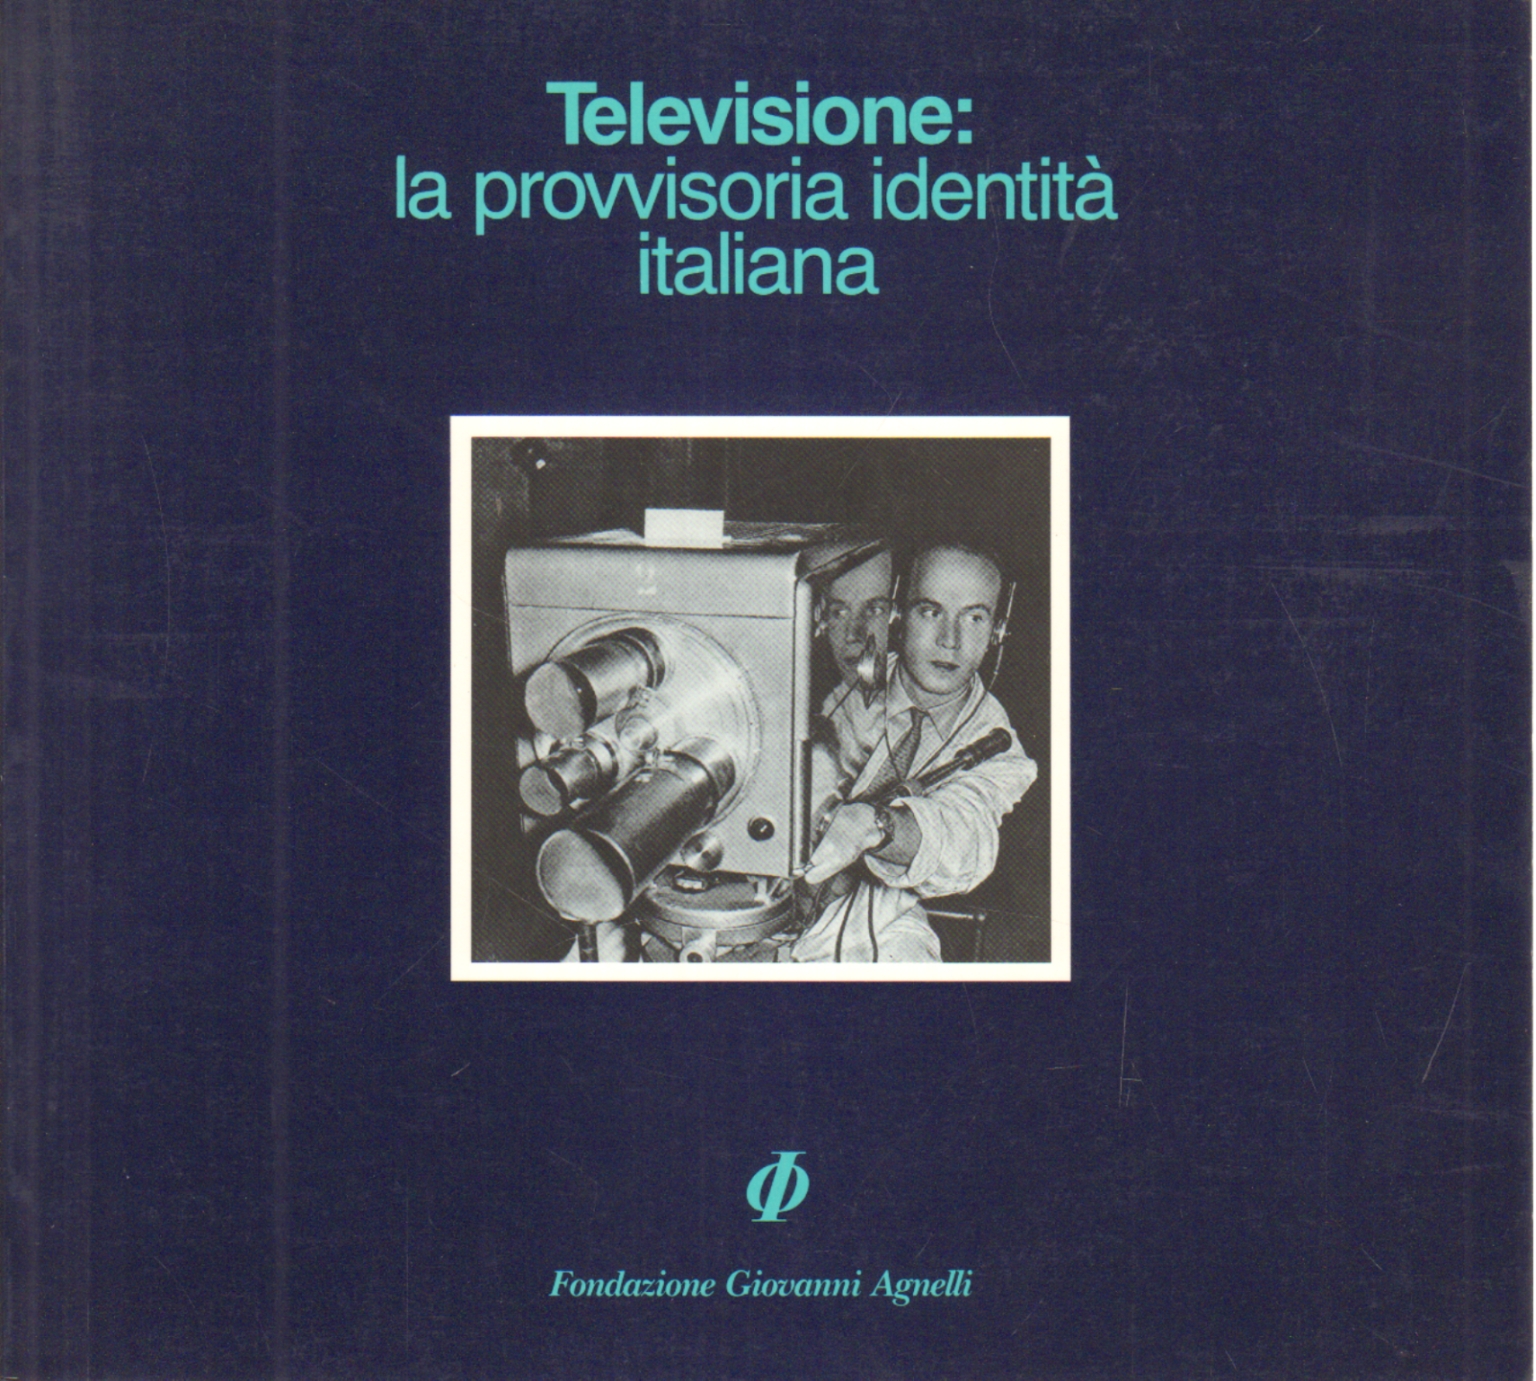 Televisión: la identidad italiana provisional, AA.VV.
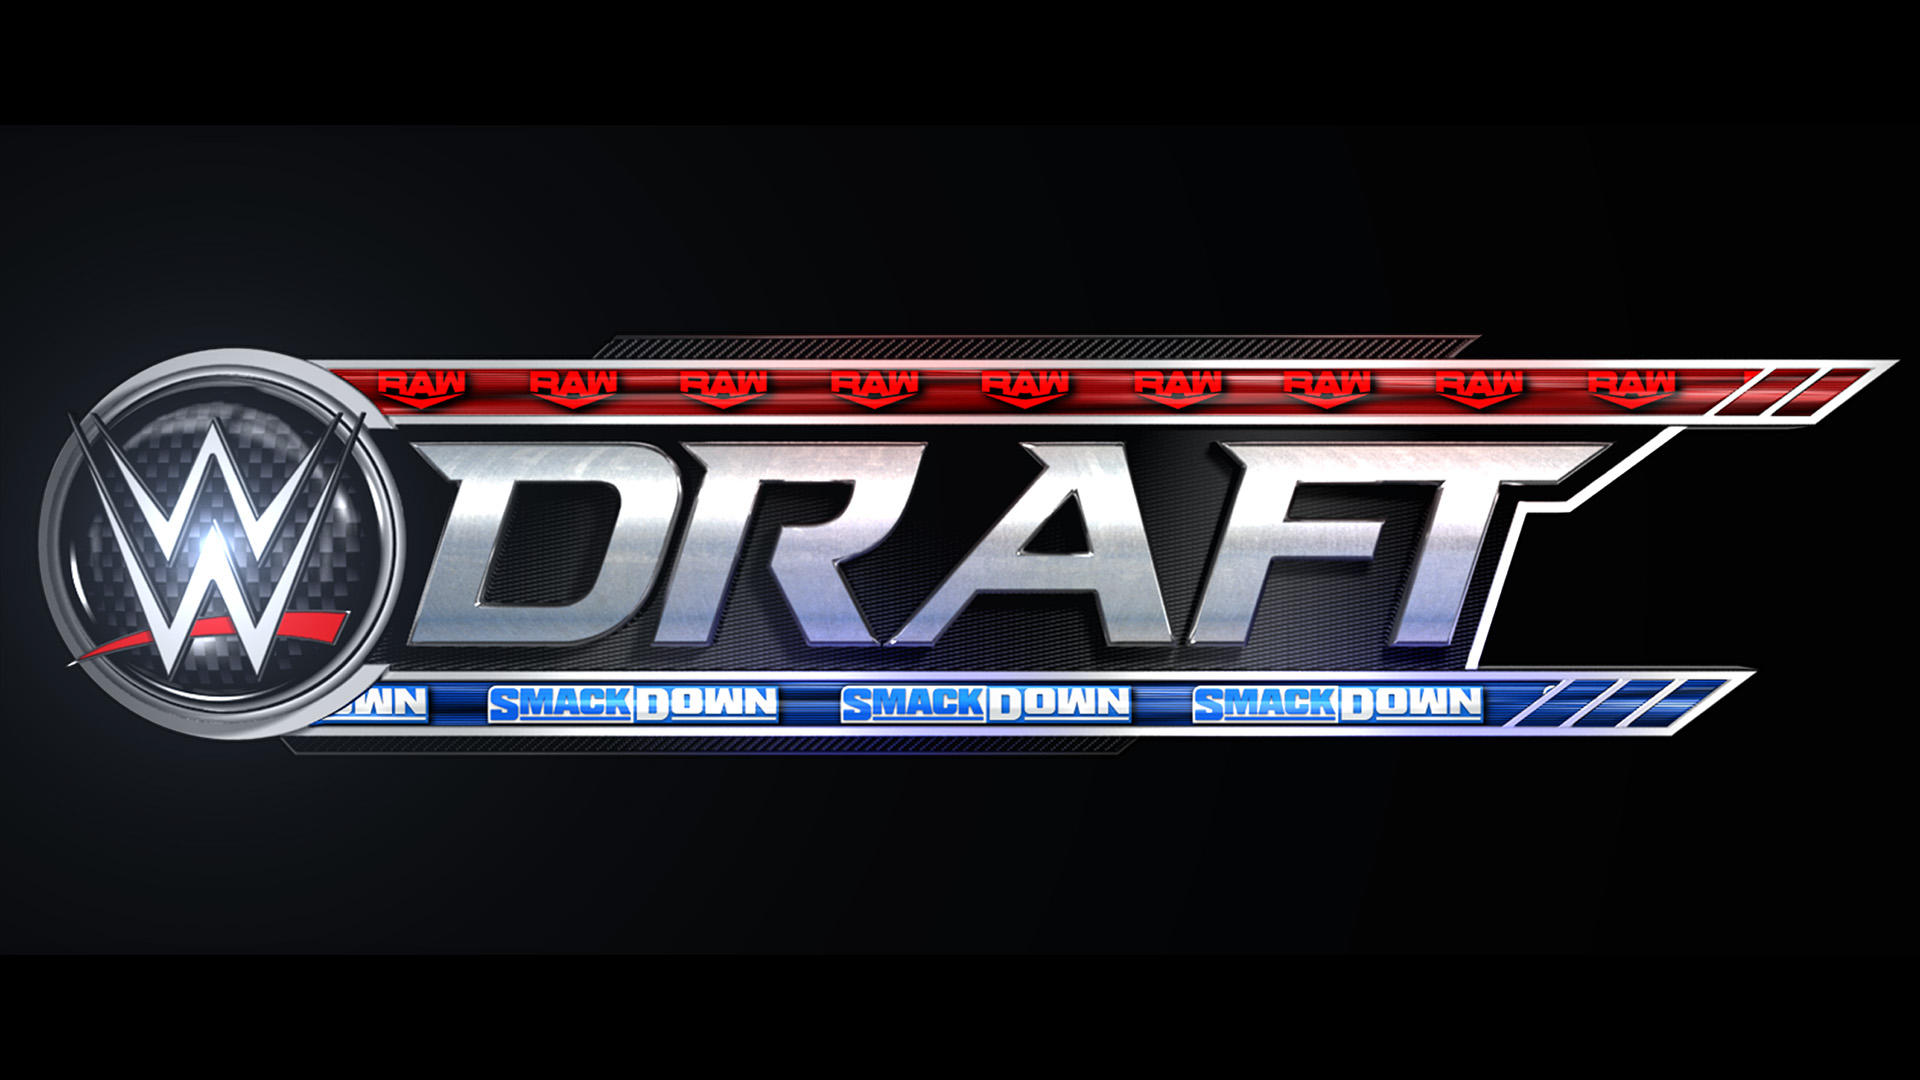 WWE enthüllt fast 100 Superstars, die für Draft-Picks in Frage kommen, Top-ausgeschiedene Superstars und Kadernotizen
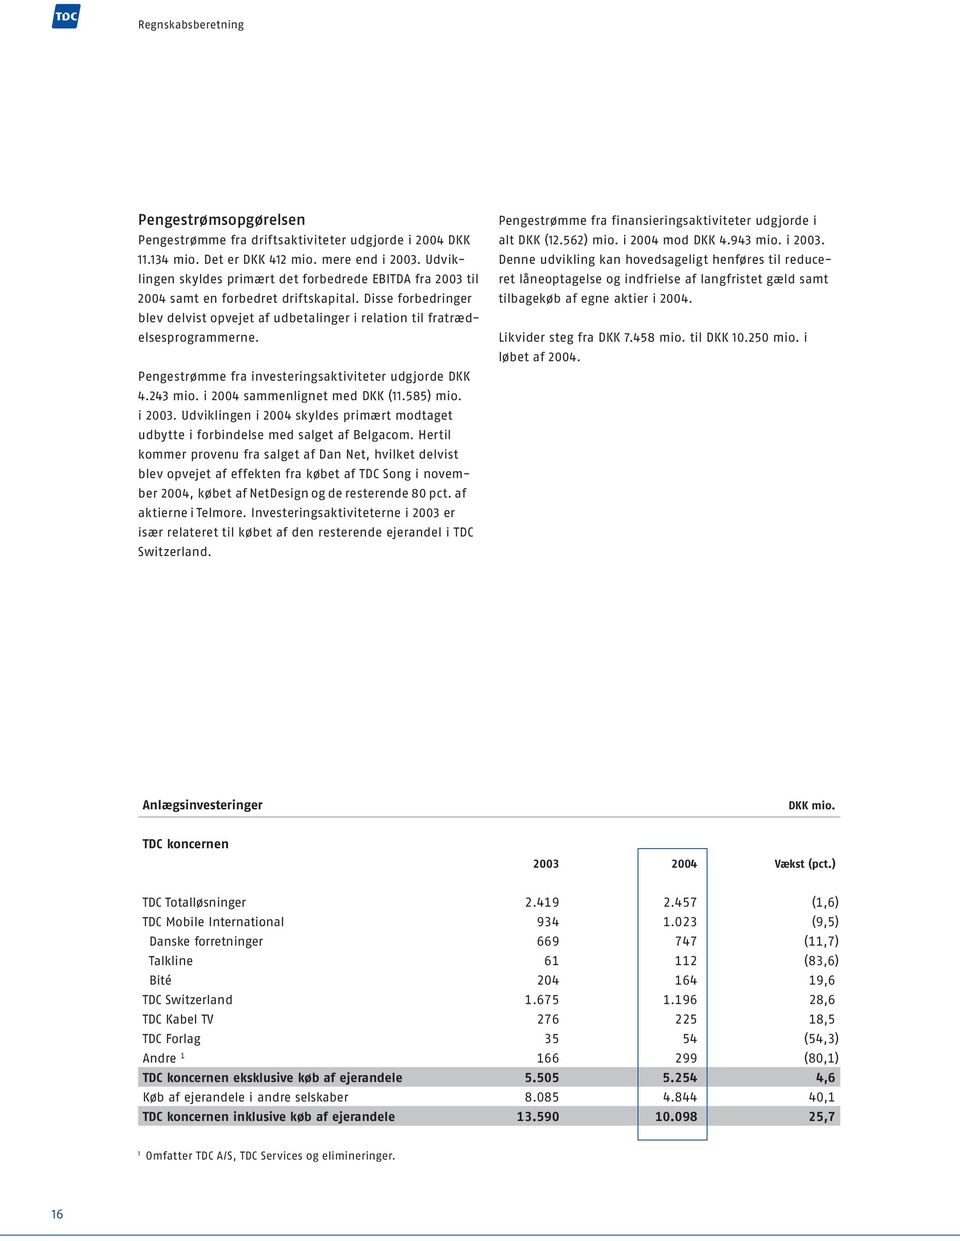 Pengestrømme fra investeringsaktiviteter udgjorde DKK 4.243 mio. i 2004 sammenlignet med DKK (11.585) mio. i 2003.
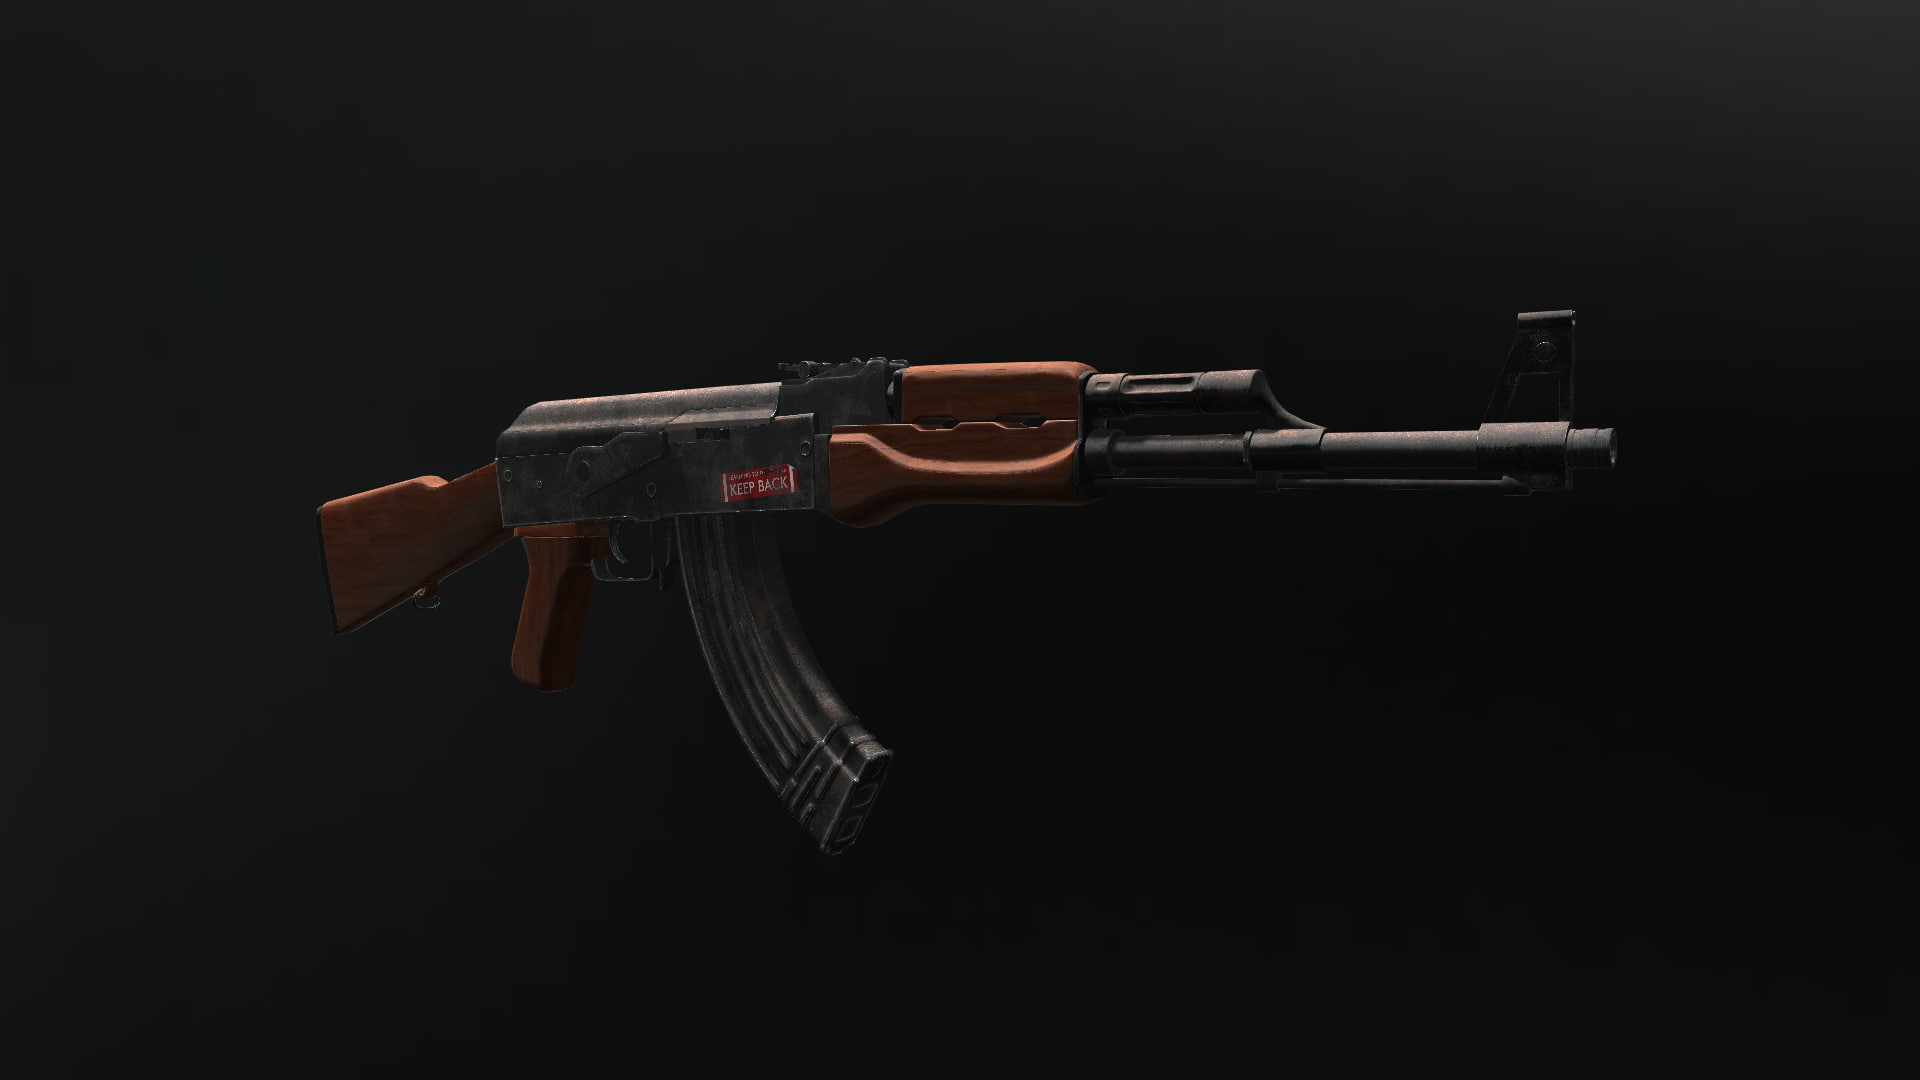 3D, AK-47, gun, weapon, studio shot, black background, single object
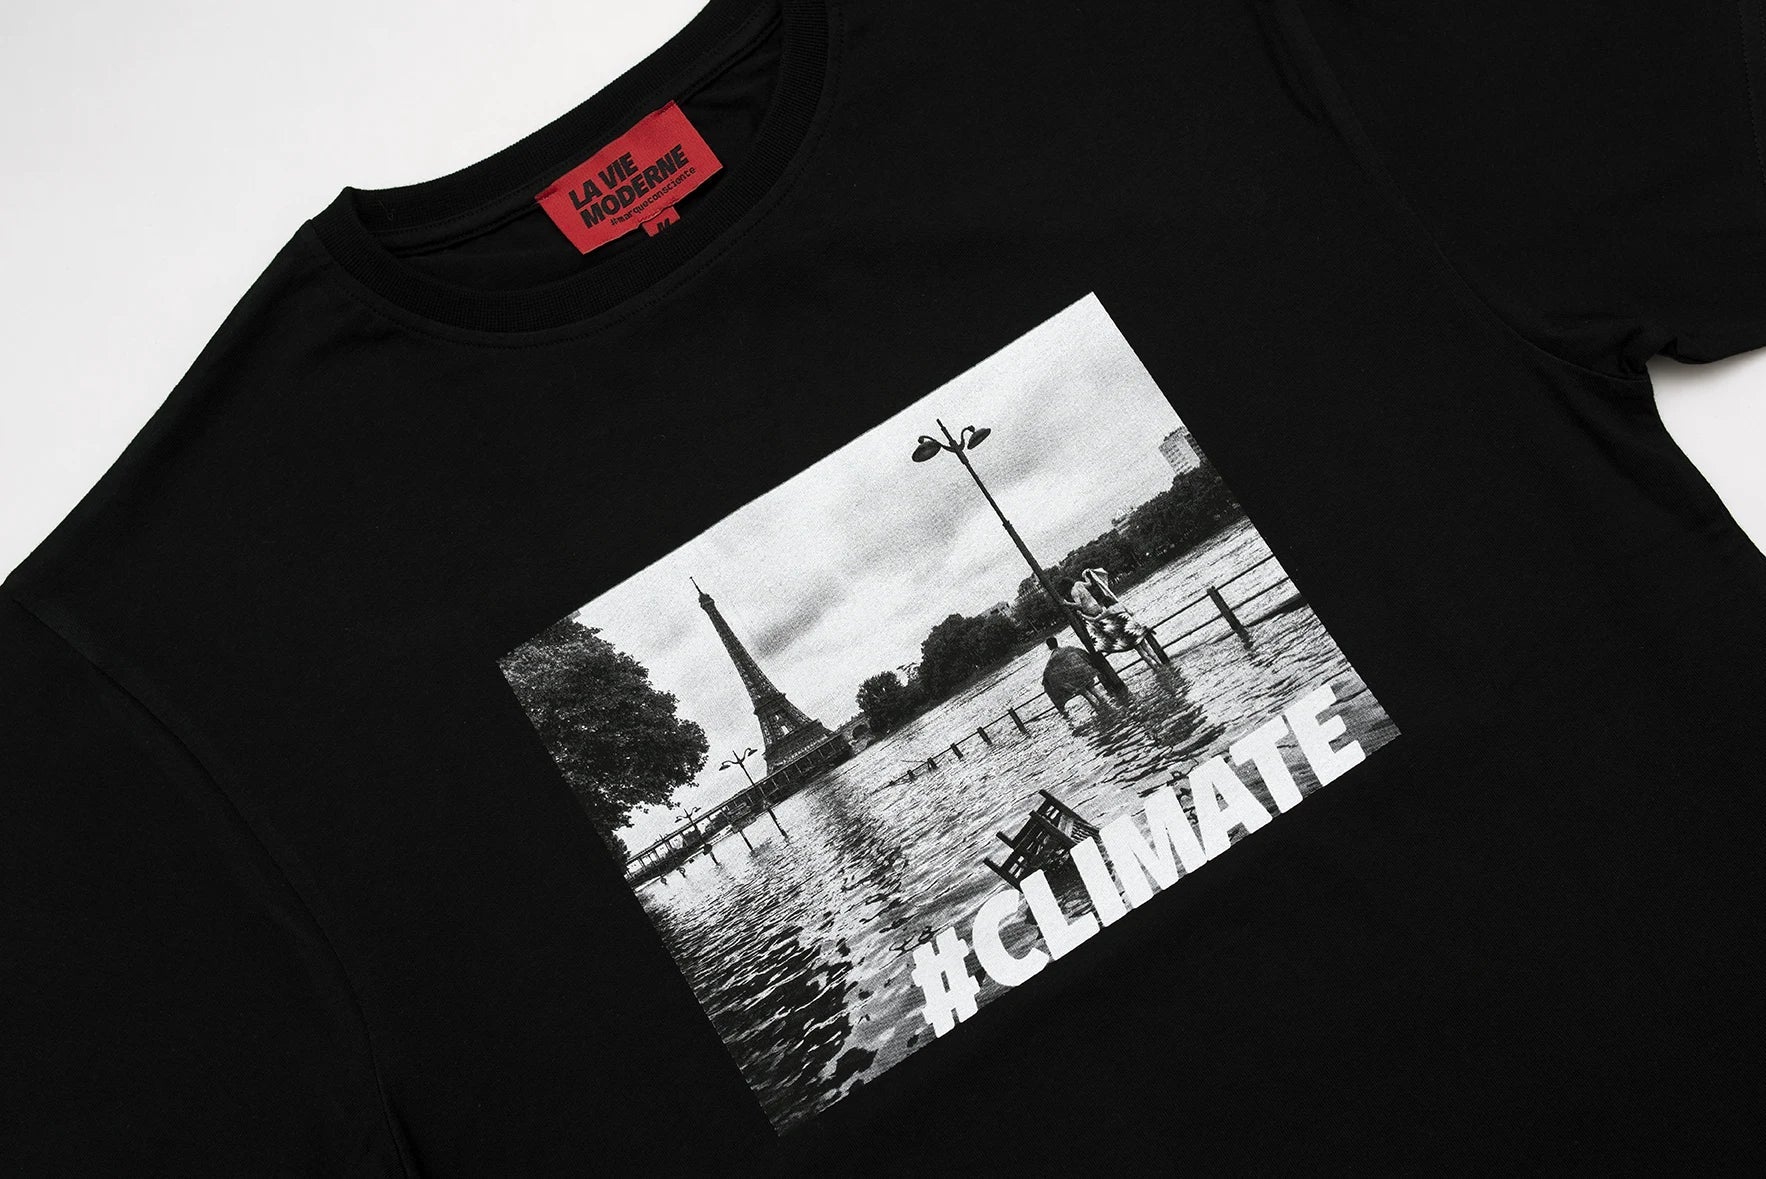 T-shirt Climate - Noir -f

> [TASK BRIEF]:
Reproduce the material exactly; omit the pictures.

> [RESPONSE]:
 Televisión: la identidad italiana provisional, AA.VV.
 WWE enthüllt fast 100 Superstars, die für Draft-Picks in Frage kommen, Top-ausgeschiedene Superstars und Kadernotizen
 Pengestrømme fra investeringsaktiviteter udgjorde DKK 4.243 mio. i 2004 sammenlignet med DKK (11.585) mio. i 2003.
 3D, AK-47, gun, weapon, studio shot, black background, single object
 T-shirt Climate - Noir -f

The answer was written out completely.